I blinked at him. “Are you being serious?”

“Think I might be,” he said. “You’ve been acting this way all day, and I can’t tell why.”

I paused, not sure what he meant.

“How have I been acting?”

“You tell me I should date more, then tell me to flirt with Chase the camera guy, then you kiss me, for fuck’s sake,” Harlan said, raising an eyebrow. “Then you tell me I shouldn’t go home with Chase, and that I should go to bed early. What gives?”

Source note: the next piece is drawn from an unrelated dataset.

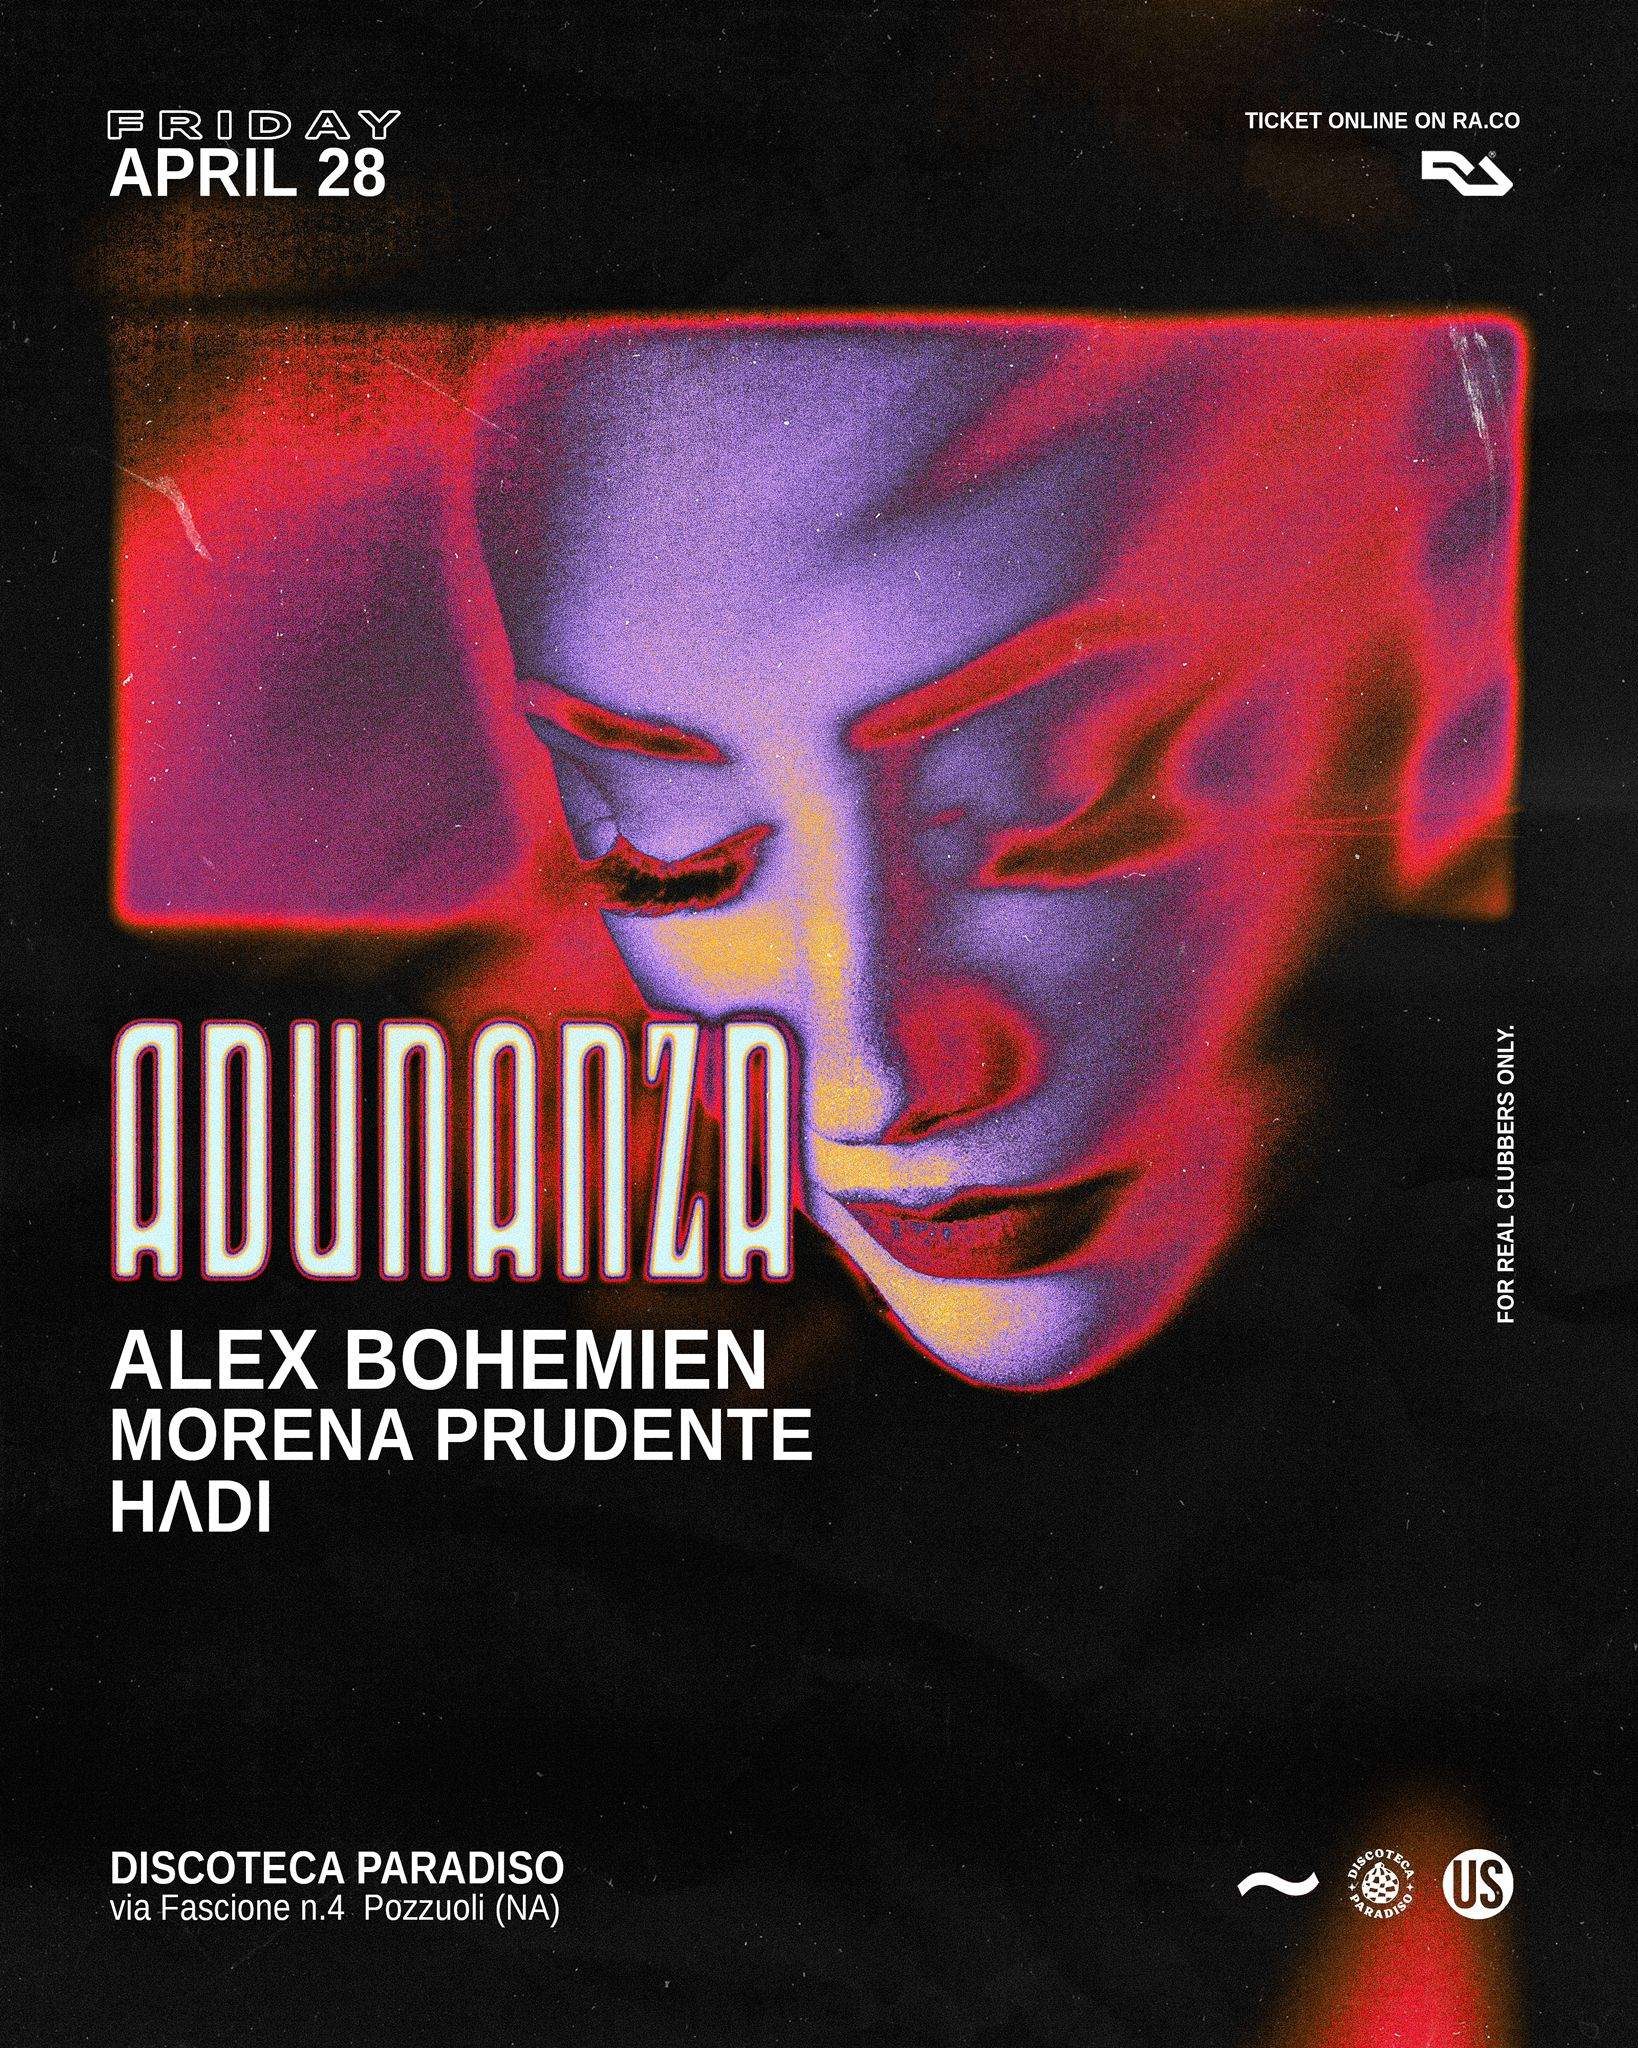 ADUNANZA ~ 22 • Alex Bohemien • Morena Prudente • HΛDI - フライヤー表

I bit my lower lip, looking at the flames of the fire and then back at Harlan again. His words kicked up a storm within me, because I knew he was right.

I had been acting weird today. And I hadn’t realized it had been that obvious to him, too.

“I just care about you, asshole,” I said, trying to defuse the tension. “Usually you ask my opinion about ten times a day, so forgive me for thinking you might want it.”

“Bullshit,” Harlan said.

“You text me asking about what to get for dinner. What movie to watch. What flavors of beer to brew for the summer batches. Hell, a few weeks ago you texted me at night asking me if you should go to sleep or stay up and be rebellious, whatever the hell that meant.”